Problem: Where the listing shows an image, skip it and output all other material unchanged.

Information provided:
┄┄┄┄┄┄┄┄┄┄┄┄┄┄┄┄┄┄┄┄
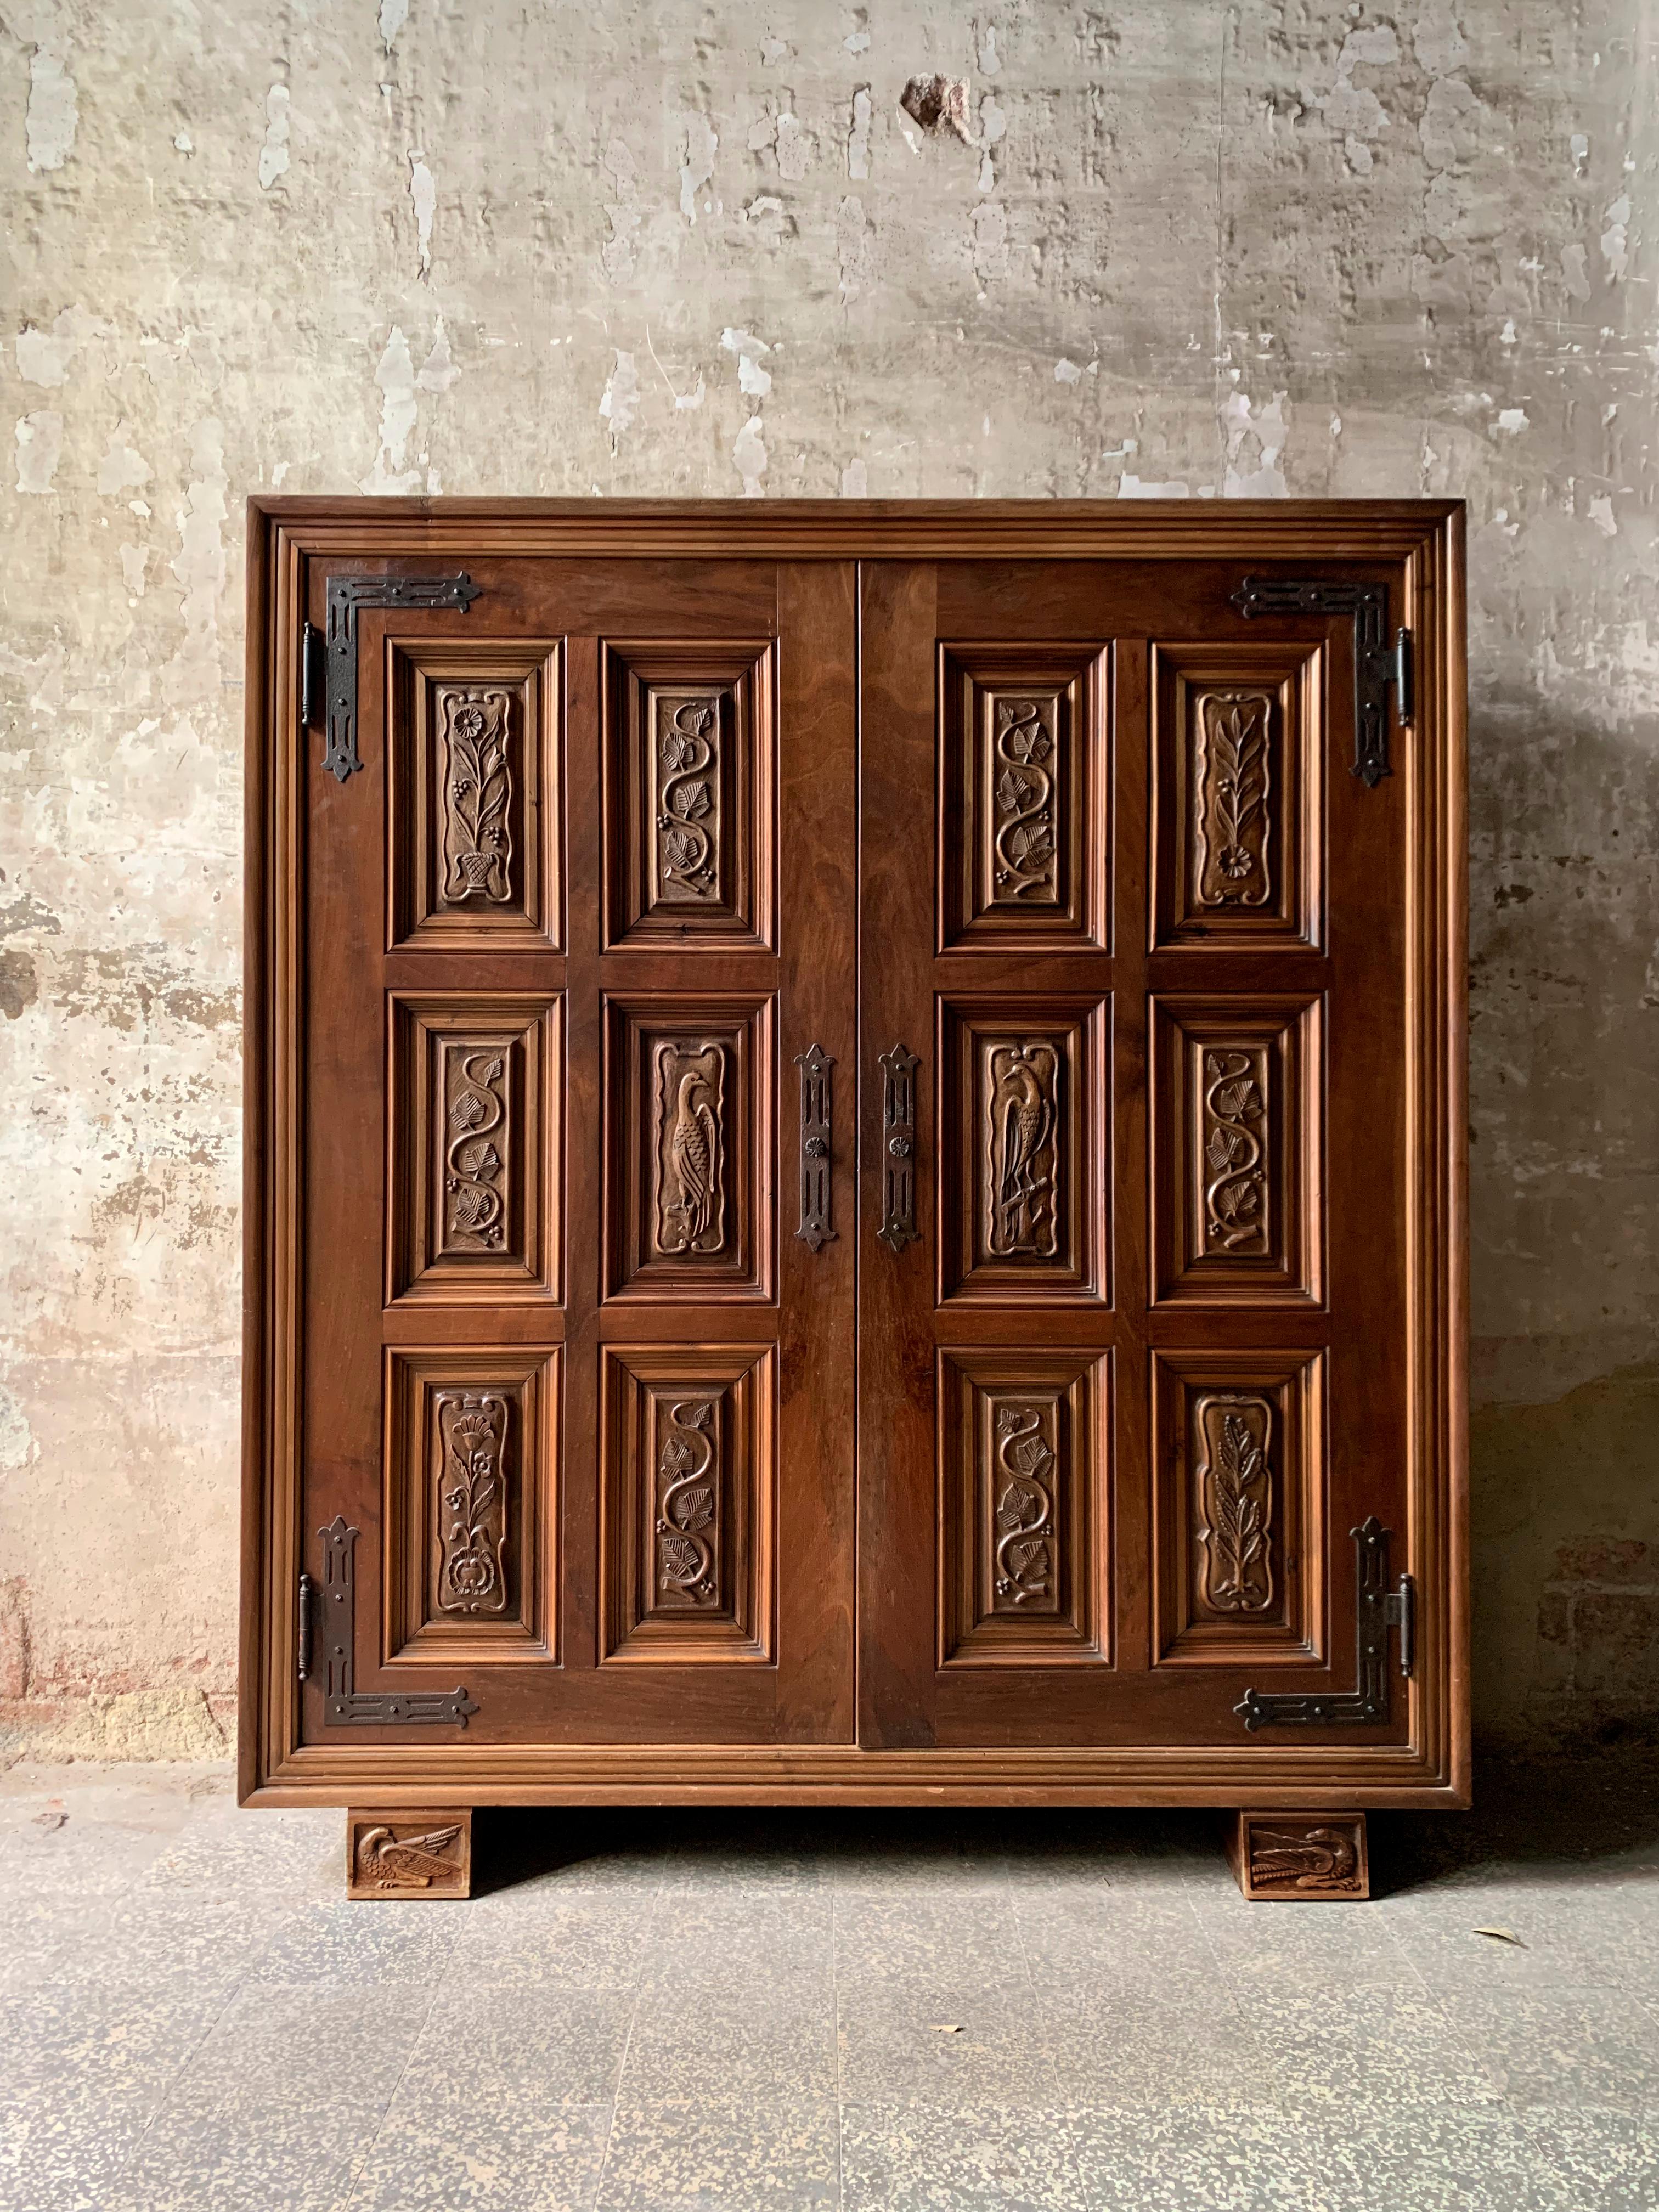 Wir präsentieren Ihnen dieses herrliche Möbelstück im spanischen organischen Stil, ein wahres Schmuckstück, das um 1940 aus Holz gefertigt wurde. Jeder Aspekt dieses handwerklich gefertigten Stücks strahlt Charme und Eleganz aus und fängt die Essenz
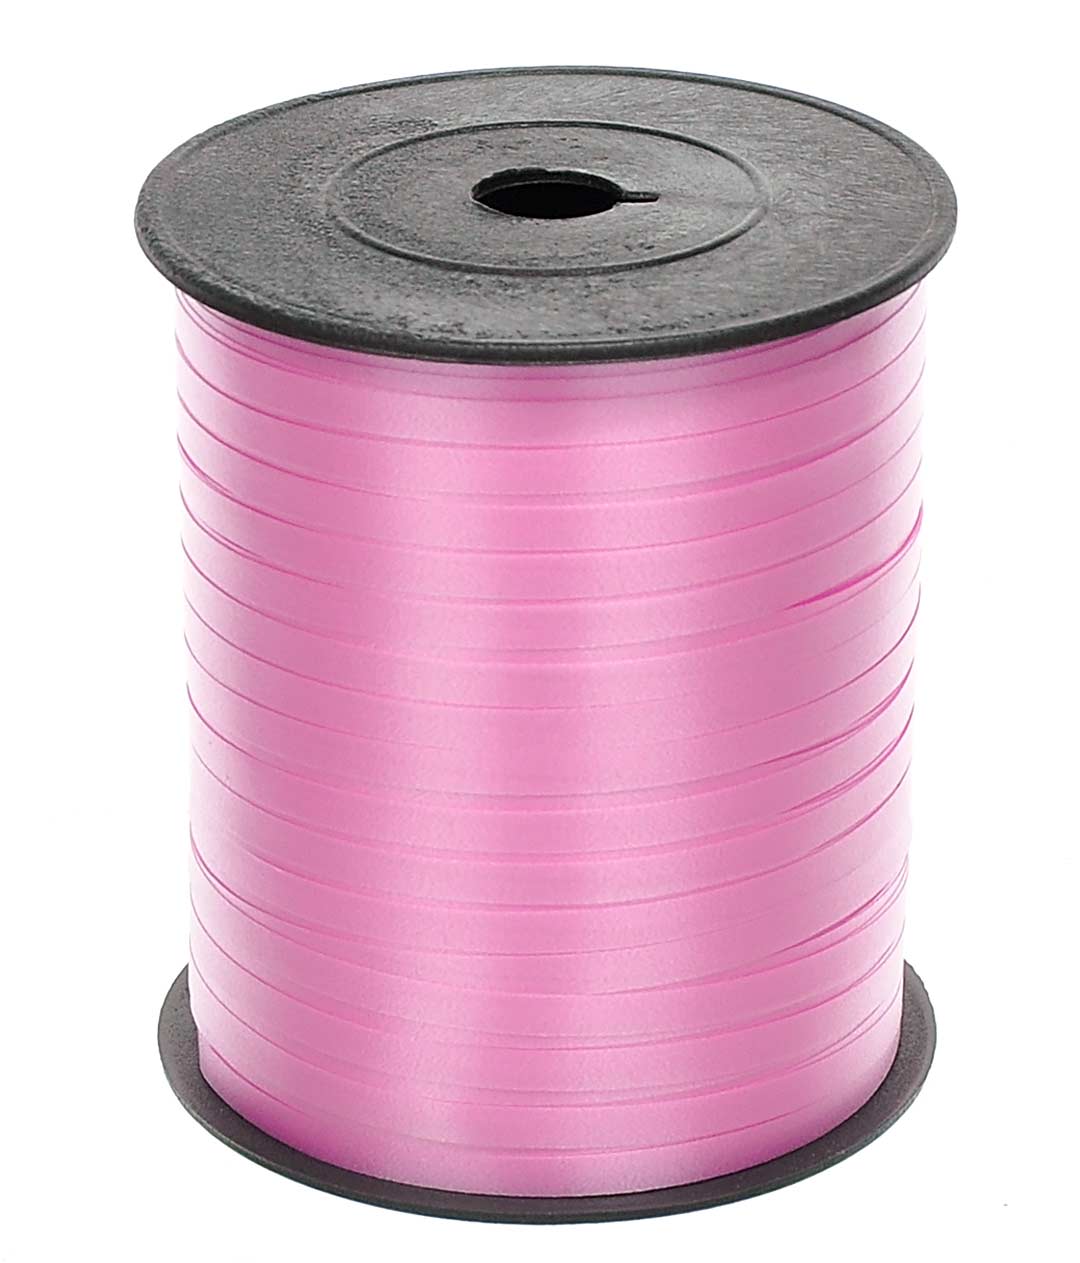 Изображение Лента полипропиленовая на бобине розовая 5мм
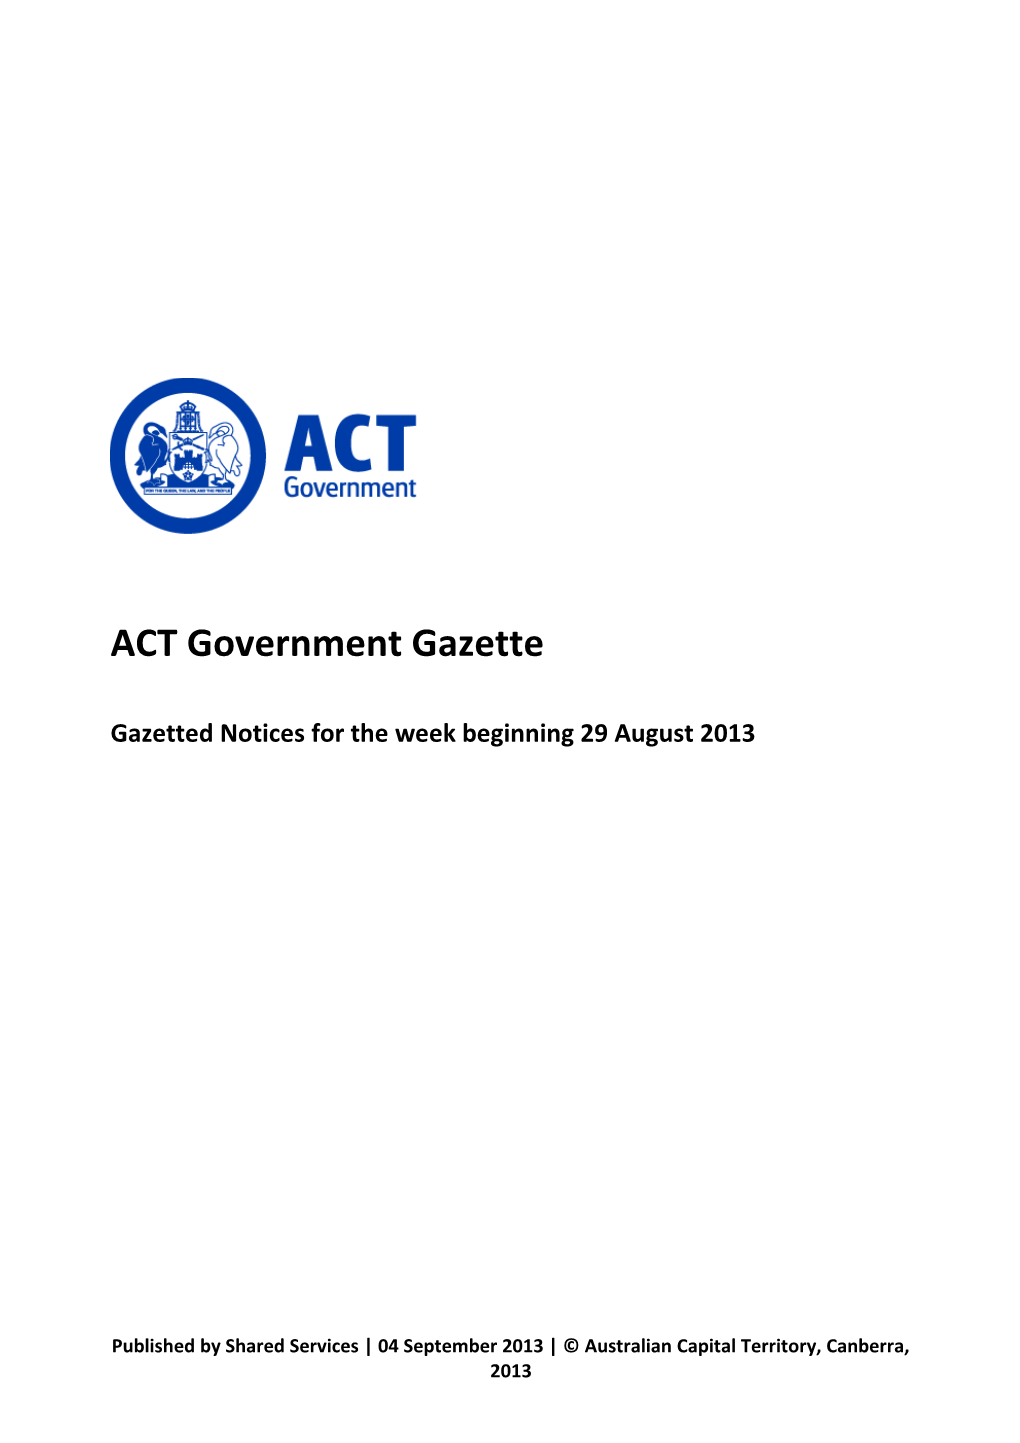 ACT Government Gazette 5 Sep 2013
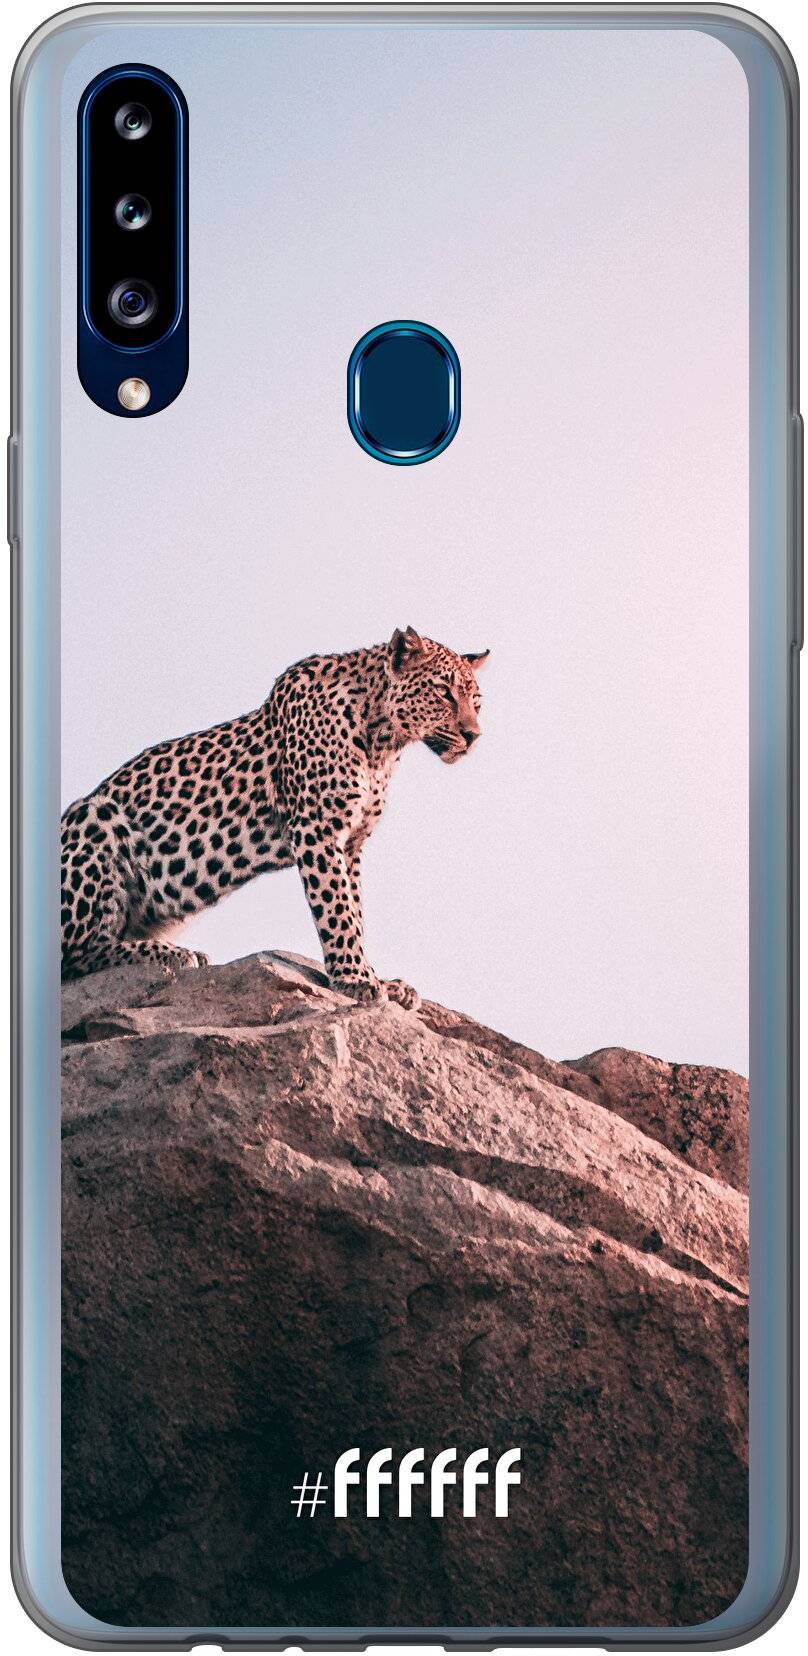 Leopard Galaxy A20s
┄┄┄┄┄┄┄┄┄┄┄┄┄┄┄┄┄┄┄┄
Task answer:
 Wir präsentieren Ihnen dieses herrliche Möbelstück im spanischen organischen Stil, ein wahres Schmuckstück, das um 1940 aus Holz gefertigt wurde. Jeder Aspekt dieses handwerklich gefertigten Stücks strahlt Charme und Eleganz aus und fängt die Essenz
 Изображение Лента полипропиленовая на бобине розовая 5мм
 ACT Government Gazette 5 Sep 2013
 Leopard Galaxy A20s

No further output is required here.